We intentionally do not focus on mechanisms that would let you automatically construct a simulator just from your model: if we did that, any bugs in your model would automatically carry over to the simulator and the SBC would only check that the algorithm works. Instead we believe it is good practice to implement the simulator in the most easy way possible while altering aspects of the implementation that should not matter (e.g. for loops vs. matrix multiplication). The best solution would be to have one person write the simulator and a different person the model (though that would often be impractical). This way you get two independent pieces of code that should correspond to the same data generating process and it becomes less likely that there is the same mistake in both versions. A mistake that is in just one version can then be (at least in principle) caught by SBC.

This is actually a well known pattern in software safety: critical components in airplanes are required to have two completely independent implementations of the same software (or even hardware) and the system checks that both produce the same output for the same input. Similarly, pharmaceutical companies analyzing drug trials are required to have the data analysis pipeline written by two separate teams and the results of both must match (this is not required for academic trials - who would need safety there, right?). The main reason this method is used relatively rarely is that implementing the same thing twice is costly. But statistical models are usually relatively small pieces of code and the added cost of the second implementation (the generator) thus tends to very small.

Naming

To avoid confusion the package and the docs tries to consistently give the same meaning to the following potentially ambiguous words:

  • variable All quantities of interest for SBC - this includes both parameters that are directly estimated by the model and quantities derived from those parameters.
  • draws are assumed to come from either a single realized posterior distribution of a fitted model or the prior distribution of the model. The number of draws ( n_draws) is the number of posterior draws produced by fitting the model.
  • simulation / sim a set of simulated values for all variables and the accompanying generated data. I.e. the number of simulations (n_sims) is the number of times an individual model is fitted
  • fit represents the result of fitting a single simulation

Overview of the Architecture

Overview of the package structure
Overview of the package structure

To perform SBC, one needs to first generate simulated datasets and then fit the model to those simulations. The SBC_datasets object holds the simulated prior and data draws. SBC_datasets objects can be created directly by the user, but it is often easier to use one of provided Generator implementations that let you e.g. wrap a function that returns the variables and observed data for a single simulation or use a brms specification to generate draws corresponding to a given brms model.

The other big part of the process is a backend. The SBC package uses a backend object to actually fit the model to the simulated data and generate posterior draws. In short, backend bundles together the algorithm in which inference is run (cmdstanr, rstan, brms, jags, etc.), the model, and additional platform-specific inference parameters which are necessary to run inference for the model-platform combination (e.g. number of iterations, initial values, …). In other words backend is a function that takes data as its only input and provides posterior draws.

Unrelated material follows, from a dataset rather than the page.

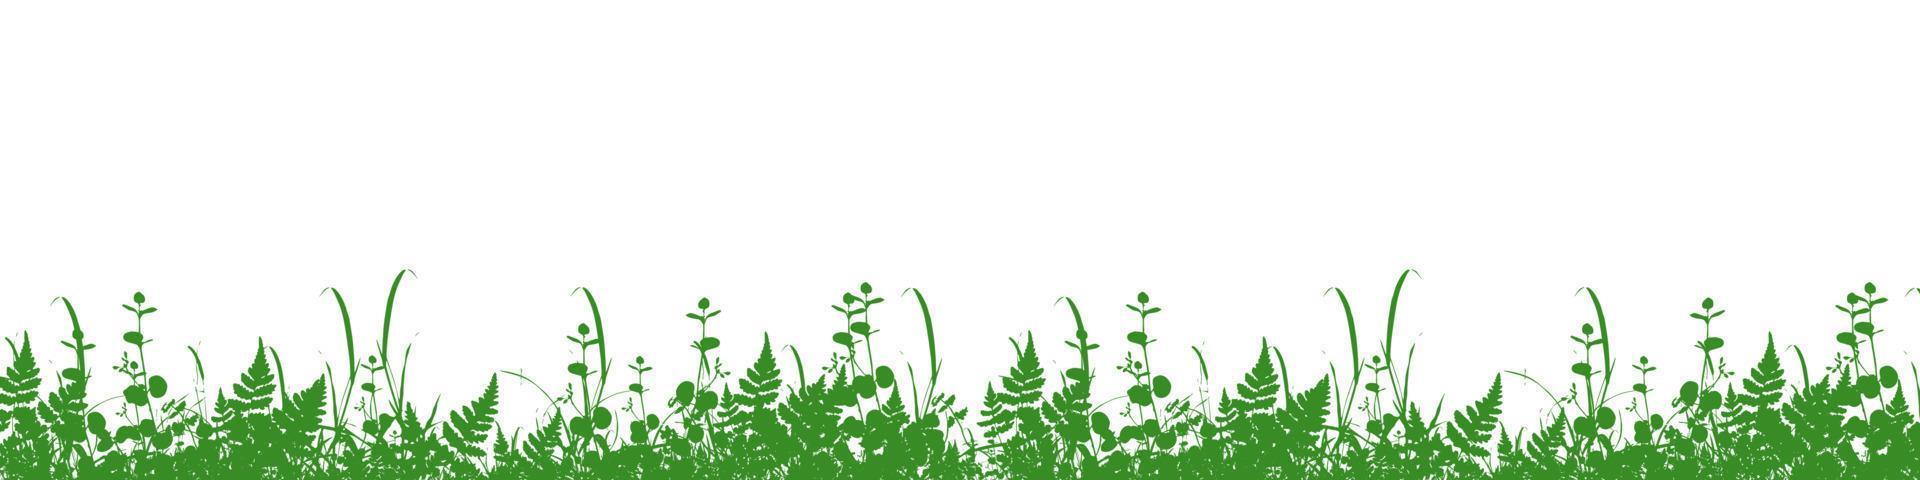 vector groen gras silhouet. gras herhalen achtergrond. groen gras silhouet achtergrond. vector illustratie

Once we have a backend and an SBC_datasets instance, we can call compute_SBC to actually perform the SBC. The resulting object can then be passed to various plotting and summarising functions to let us easily learn if our model works as expected.

Simple Poisson Regression

In this vignette we will demonstrate how the interface is used with a simple poisson model. First we’ll setup and configure our environment.

library(SBC)
library(ggplot2)

use_cmdstanr <- getOption("SBC.vignettes_cmdstanr", TRUE) # Set to false to use rstan instead

if(use_cmdstanr) {
  library(cmdstanr)
} else {
  library(rstan)
  rstan_options(auto_write = TRUE)
}

options(mc.cores = parallel::detectCores())

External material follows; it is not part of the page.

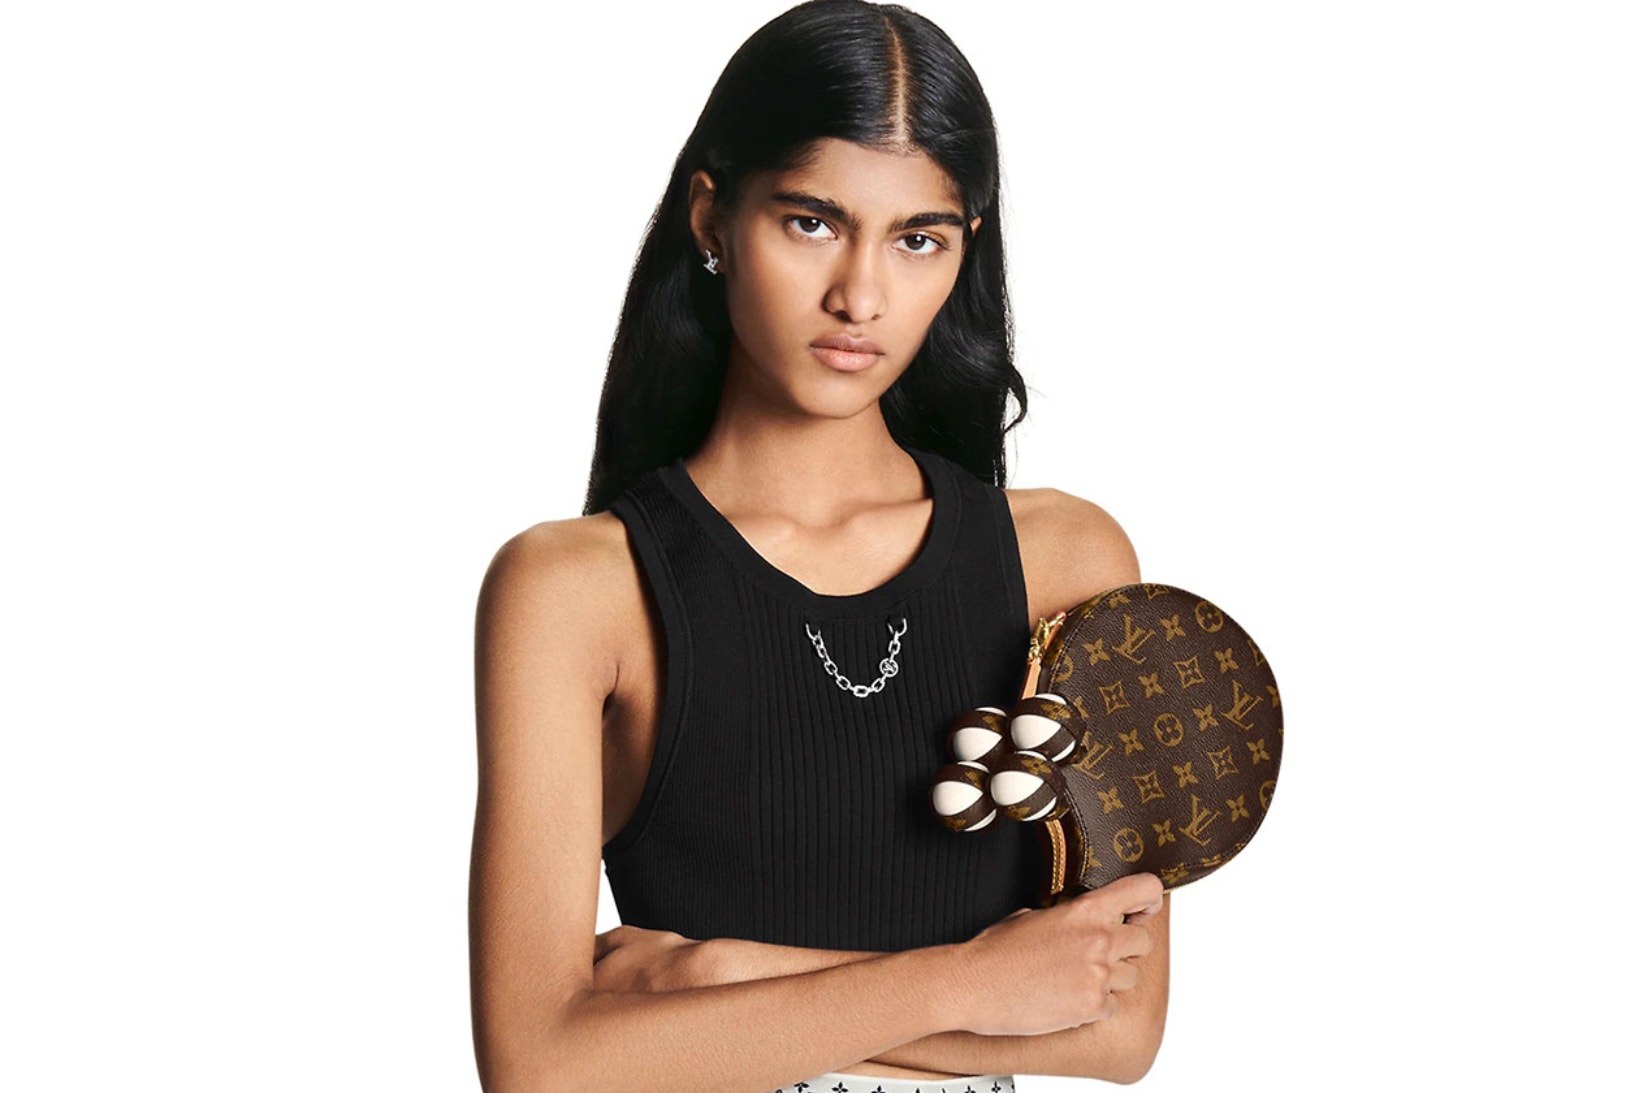 Louis Vuitton lv woman egg bag top handle ball shape handbag

# Enabling parallel processing via future
library(future)
plan(multisession)

# The fits are very fast,
# so we force a minimum chunk size to reduce overhead of
# paralellization and decrease computation time.
options(SBC.min_chunk_size = 5)

# Setup caching of results
if(use_cmdstanr) {
  cache_dir <- "./_basic_usage_SBC_cache"
} else {
  cache_dir <- "./_basic_usage_rstan_SBC_cache"
}
if(!dir.exists(cache_dir)) {
  dir.create(cache_dir)
}

theme_set(theme_minimal())
# Run this _in the console_ to report progress for all computations to report progress for all computations
# see https://progressr.futureverse.org/ for more options
progressr::handlers(global = TRUE)

Model Setup

We will be running SBC against a model that defines y ~ Poisson(lambda), where lambda ~ Gamma(15, 5). We will use the following Stan model:

cat(readLines("stan/poisson.stan"), sep = "\n")
data{
  int N;
  array[N] int y;
}
parameters{
  real<lower = 0> lambda;
}
model{
  lambda ~ gamma(15, 5);
  y ~ poisson(lambda);
}
if(use_cmdstanr) {
  cmdstan_model <- cmdstanr::cmdstan_model("stan/poisson.stan")
} else {
  rstan_model <- rstan::stan_model("stan/poisson.stan")
}

Generator

Once we have defined the model, we can create a generator function which will generate prior and data draws:

# A generator function should return a named list containing elements "variables" and "generated"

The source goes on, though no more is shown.